Stage Six: Tokens are allocated to successful participant investor wallets, and trading can begin on some decentralized exchanges like IDEX, or EtherDelta in the case of Ethereum based tokens. Tokens will be sent to and received by the wallet addresses from which the investor contributions were made. Stage Seven: Tokens are listed on mainstream exchanges: The tokens will then be listed on the exchanges with which the teams have negotiated listing, prior to or during the sale. It can cost huge amounts of money to list on large exchanges like Bitfinex Bittrex, Huobi or Binance, so usually smaller projects will not be listed on top 10 exchanges so quickly. As tokens are listed on more and more exchanges, their price usually rises because more and more investors are exposed to opportunities to buy that particular token.

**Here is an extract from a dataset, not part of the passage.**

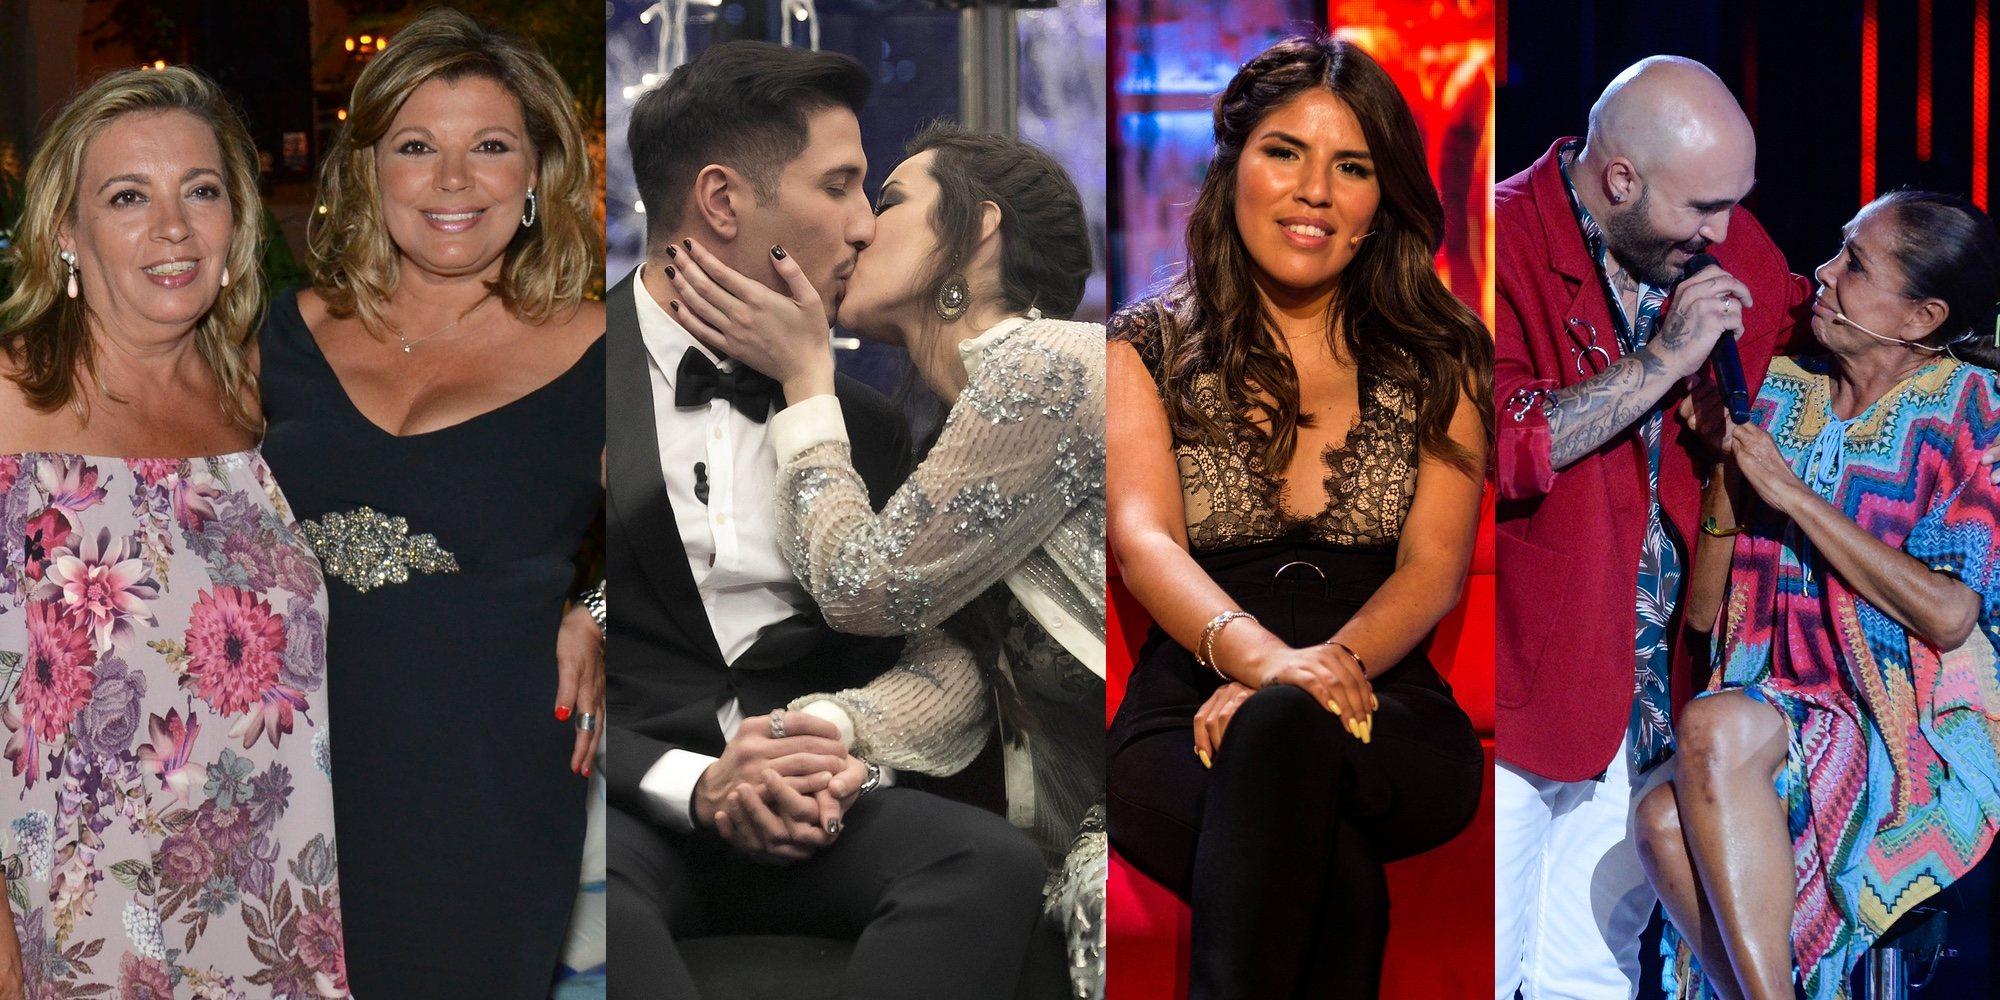 Triángulos amorosos, infidelidades, peleas, topos... Las polémicas que han marcado 2019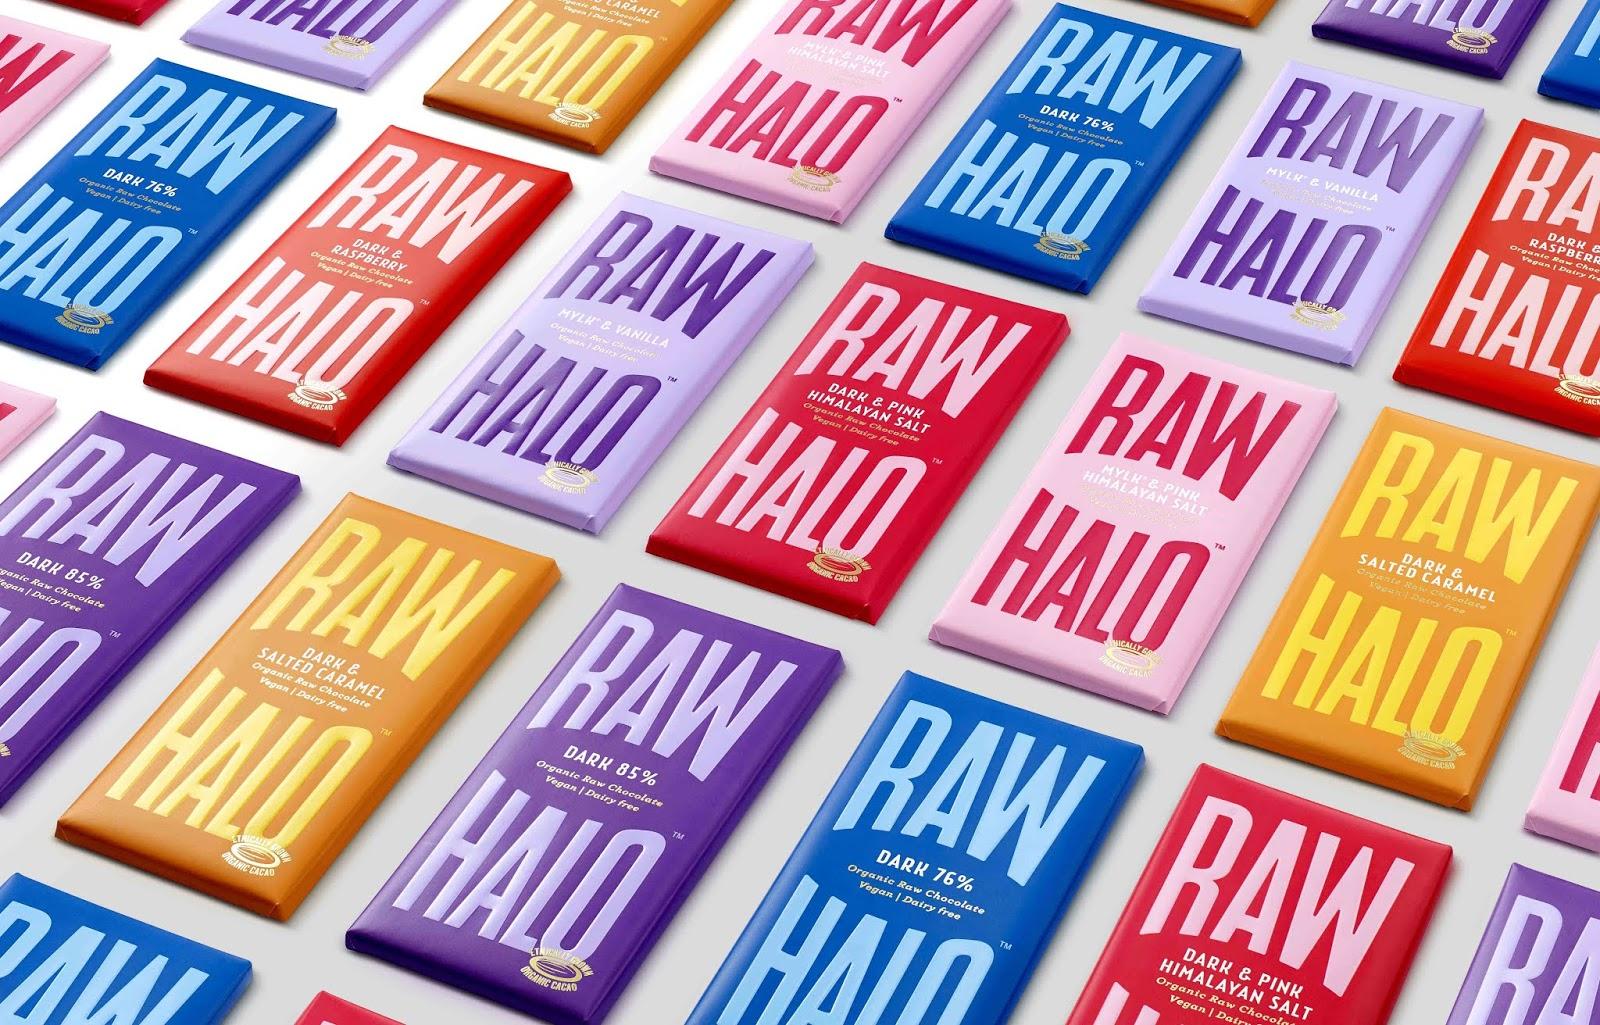 Raw Halo巧克力包装365bet官网

Evaluating a Blockchain Use Case
Evaluating a particular use case for Blockchain technology, and thus how successful an ICO project’s ambitions might be in a particular market, is not a simple endeavor. As demonstrated in the graphic below, Blockchain technology has nearly limitless potential to be applied to a great variety of business areas, but as an ICO investor, you are looking for projects that have the potential to deliver significant long-term success. In the currently saturated ICO environment, some use cases have more potential than others. Ascertaining which use case is likely to have long term success is a key distinction. Also, we must recognize that businesses and corporate entities may be overeager to experiment with this new Blockchain technology, whether or not usage of the technology is actually advisable or profitable for their particular purpose. The main questions to ask when analyzing specific solutions proposed by the project are: What are the problems posed and the solutions offered? Does this particular area of business need a Blockchain solution? That is, is a Blockchain solution in fact superior to the current way this particular business operates? Is the use of Blockchain in this specific instance feasible and applicable? What are competitors doing about Blockchain projects in this same area?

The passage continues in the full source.